{{category python}}
!!! spaCy
{{outline}}
----
https://spacy.io/

!!インストール
https://spacy.io/usage#quickstart

*Windows のコンソールで
 pip install spacy

*Windowsのシェルで管理者として実行（右ボタン）
 python -m spacy download en

*Macの場合
 pip3 install spacy
 python3 -m spacy download en_core_web_sm

*Pythonのシェルで
 import spacy

*それか、スクリプトの先頭に書いておく
{{pre
import spacy
nlp = spacy.load('en_core_web_sm')
以下スクリプト
}}

!Anaconda NavigatorのEnvironmentsで追加できないときは、
https://github.com/conda/conda/issues/9423
*PowerShellで、
 conda install -c conda-forge spacy
 conda install -c conda-forge spacy-model-en_core_web_sm
https://anaconda.org/conda-forge/spacy


!!しくみ
https://spacy.io/usage/spacy-101

*言語処理に必要な「データベース」が作ってある。
*その「データベース」に基づいて、言語処理（自然言語解析）を行う。

!処理
*tokenizer: 単語に分けて
*tagger   : 品詞分析して
*parser   : 構文解析して
*ner      : エンティティ付与

!手順
*「データベース（"en_core_web_sm"）」の読み込み
 spacy.load("en_core_web_sm")
*読み込んだものを例えば nlp という名前で保存して、それを使って処理できるようにする。
 nlp = spacy.load("en_core_web_sm")
*処理するデータを変数に入れて
 sample = "Parents drive their children everywhere."
*nlpで処理した結果を変数(sample_doc)に保存する
 sample_doc = nlp(sample)
*あとは、このsample_docにたいして、spaCyの関数を使って「処理」をする。
**表面上は、sample_docを表示させると、普通に文が表示されるだけ。
***その裏で、処理結果の情報も蓄えられている。


!属性 Attributes
*言語情報が各tokenの属性として付与されている。
**属性情報そのものは、プログラミング処理の都合上、数値（hash values）になっている

{{pre
for token in sample_doc:
    print(token.text, token.pos, token.dep)

Parents 92 429
drive 100 8206900633647566924
their 95 440
children 92 416
everywhere 86 400
. 97 445
}}

**人の目にわかるようにするには、属性名の後ろにアンダーバーを付ける
{{pre
for token in sample_doc:
    print(token.text, token.pos_, token.dep_)

Parents NOUN nsubj
drive VERB ROOT
their PRON poss
children NOUN dobj
everywhere ADV advmod
. PUNCT punct

}}

!チャンク 名詞句
*nlpでの分析結果には、チャンクという単位もある
{{pre
for chunk in sample_doc.noun_chunks:
    print(chunk.text)

Parents
their children

}}

*チャンクの役割（文の構成要素）と依存関係も分析できる
{{pre
for chunk in sample_doc.noun_chunks:
    print(chunk.text, chunk.root.text, chunk.root.dep_, chunk.root.head.text)

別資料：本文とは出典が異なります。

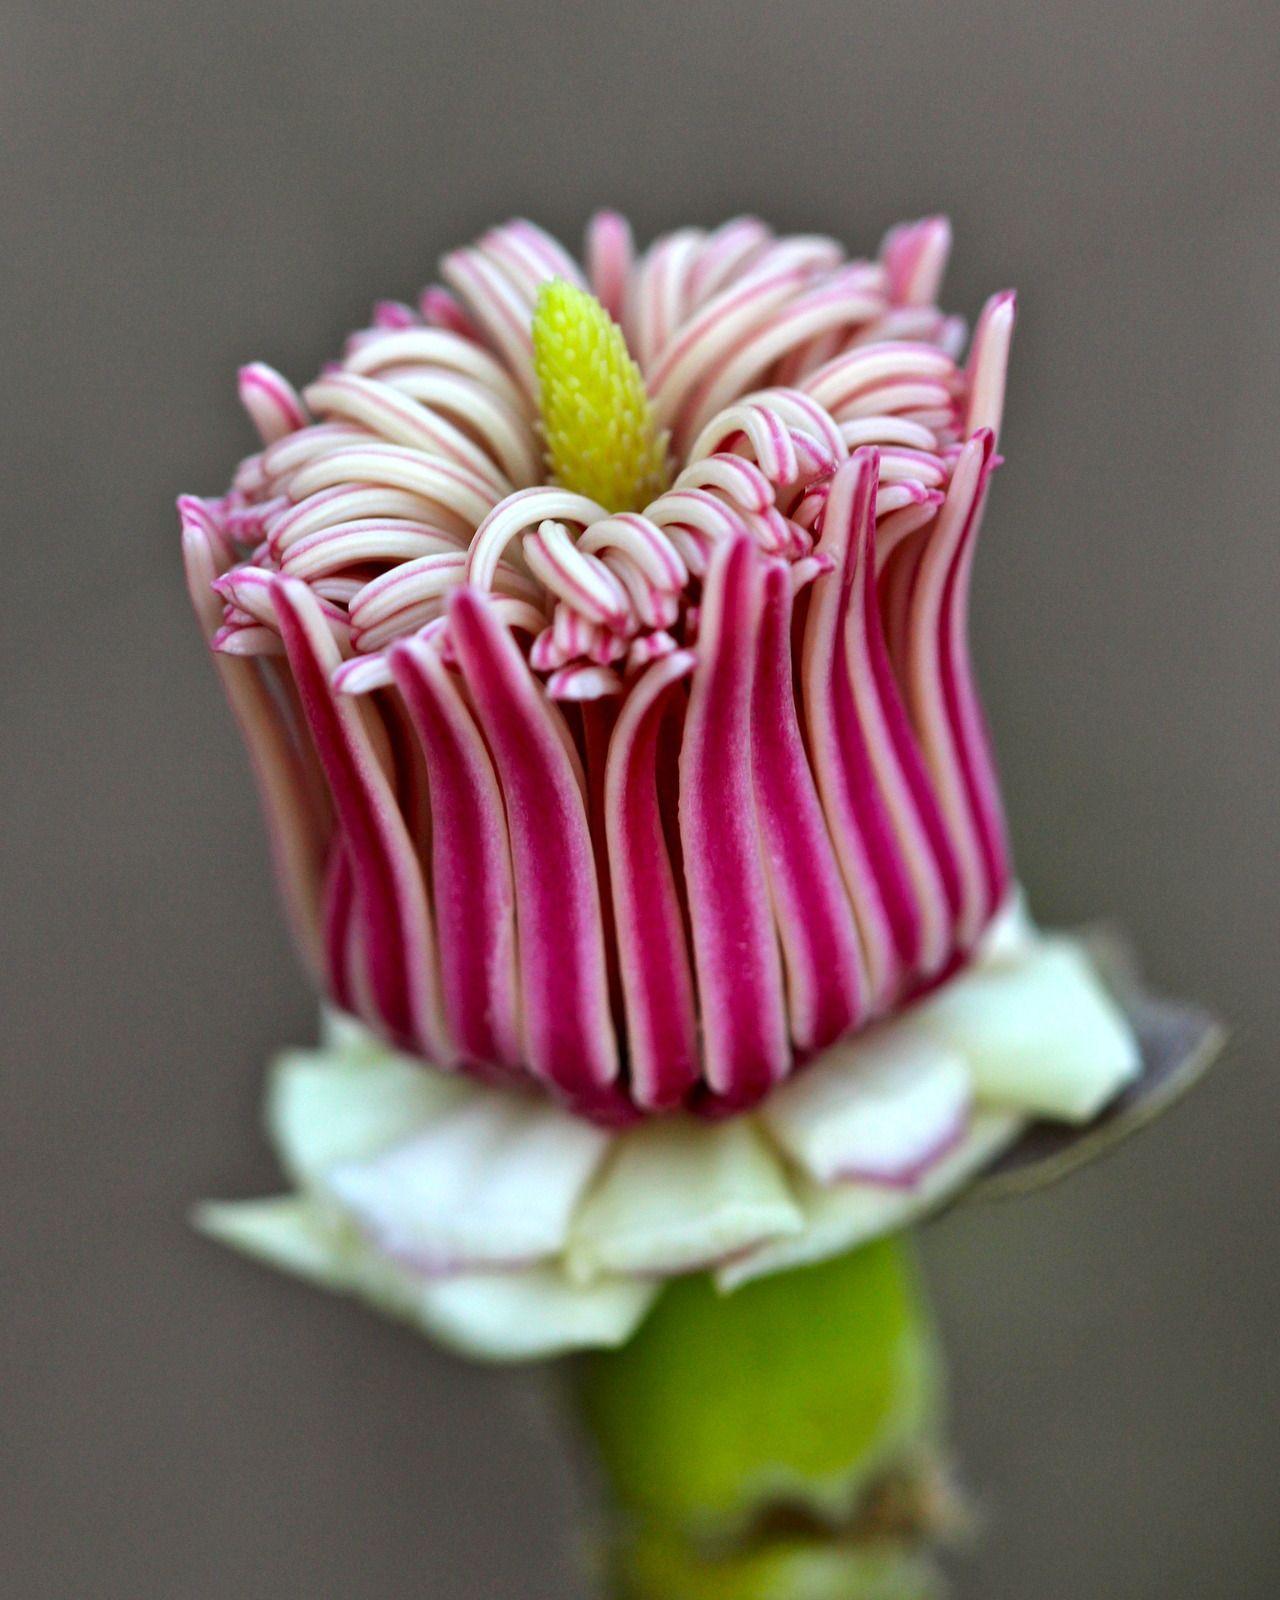 : Magnolia Flower:
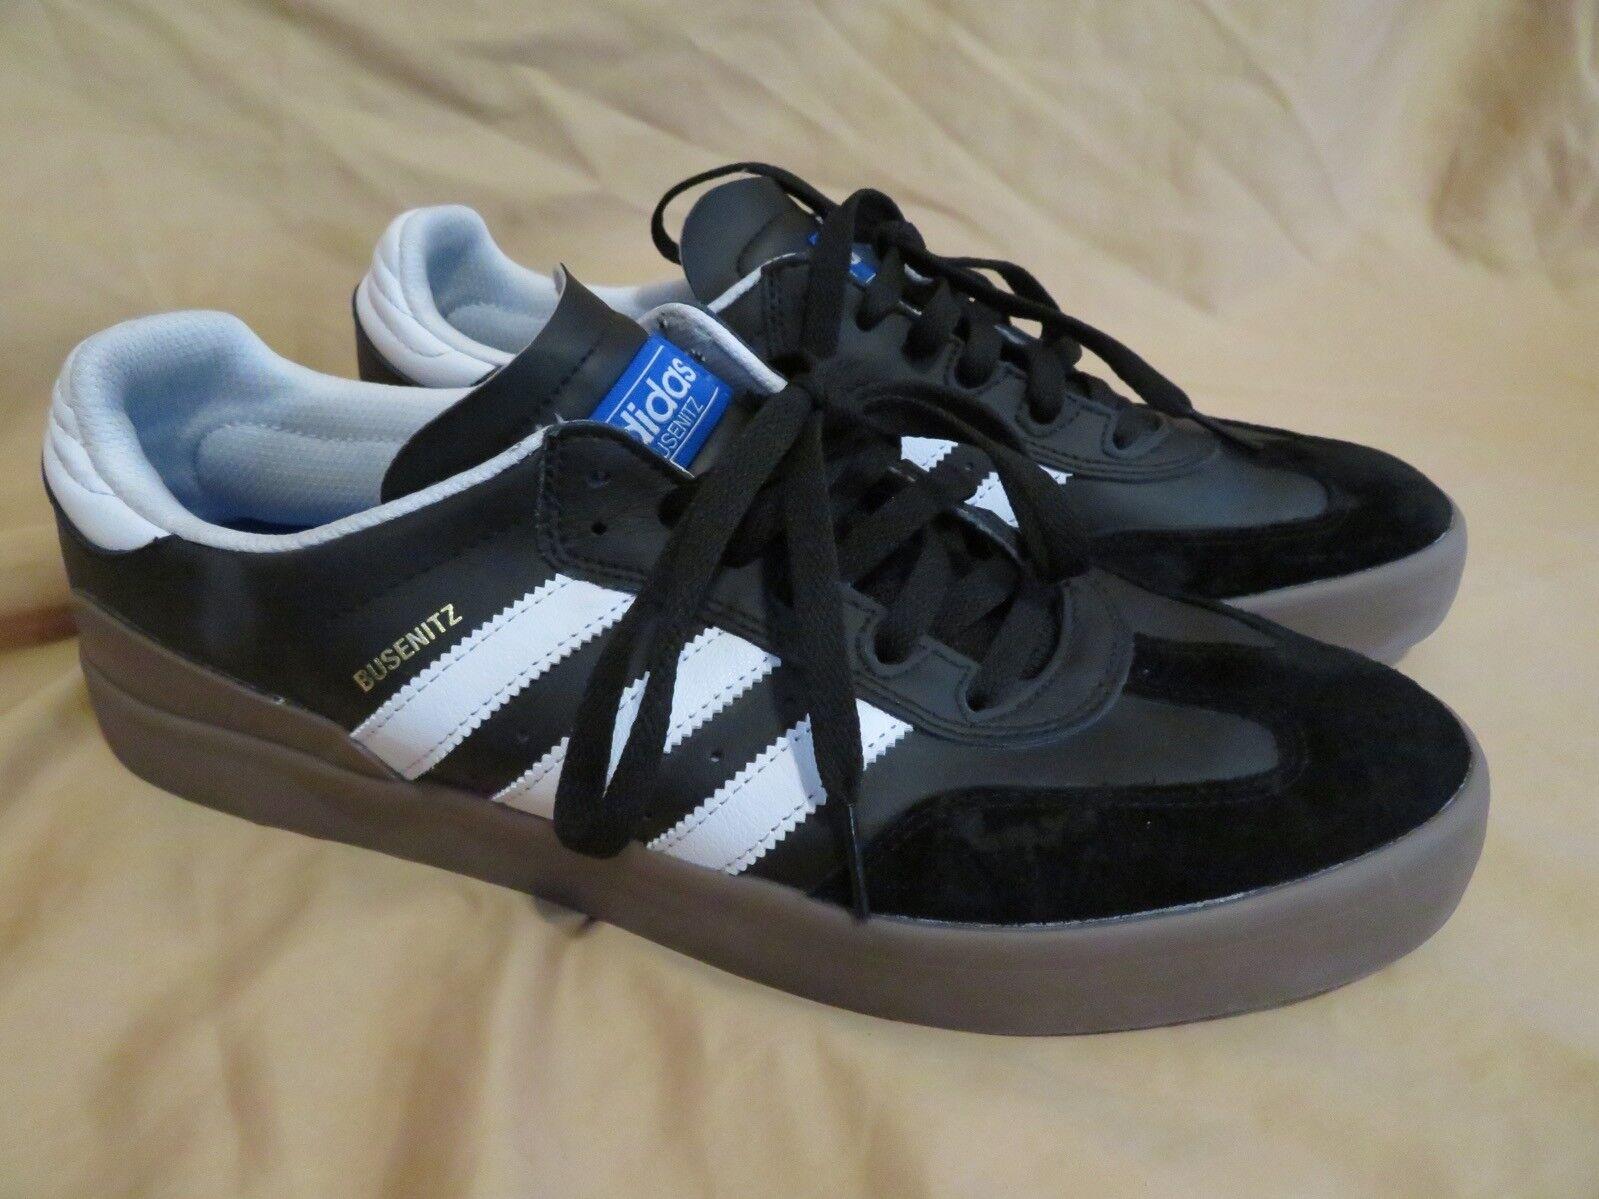 de nouvelles baskets adidas busenzit hommes en noir et de blanc de et chewing - gum vulc skateboard chaussures taille 12 b07e6f

Parents Parents nsubj drive
their children children dobj drive
}}
,chunk.text, chunk.root.text, chunk.root.dep_, chunk.root.head.text
,Parents, Parents, nsubj, drive
,their children, children, dobj, drive


!!関数
!依存関係の可視化
https://spacy.io/usage/visualizers
{{pre
import spacy
from spacy import displacy

nlp = spacy.load("en_core_web_sm")
doc = nlp("This is a sentence.")
displacy.serve(doc, style="dep")
}}
*Jupyter Notebookで実行する場合、最後のdisplacy.serveの代わりに、displacy.renderを使う。

{{pre
sample = "Parents drive their children everywhere."
sample_doc = nlp(sample)
displacy.render(sample_doc, style="dep")
}}
{{ref_image parents.jpg}}


!!Demo
https://explosion.ai/demos/
!!References
https://githubja.com/explosion/spacy
https://ishitonton.hatenablog.com/entry/2018/11/24/004748
https://spacy.io/usage/spacy-101


!!!日本語処理
参考：https://qiita.com/wf-yamaday/items/3ffdcc15a5878b279d61
!!GiNZA 日本の自然言語処理ライブラリー
https://megagonlabs.github.io/ginza/
!解説
https://qiita.com/poyo46/items/7a4965455a8a2b2d2971

!インストール
*Anaconda Promptを管理者として実行
 pip install ja-ginza

!spaCyから使えるようにする
{{pre
import spacy
nlp: spacy.Language = spacy.load("ja_ginza")
}}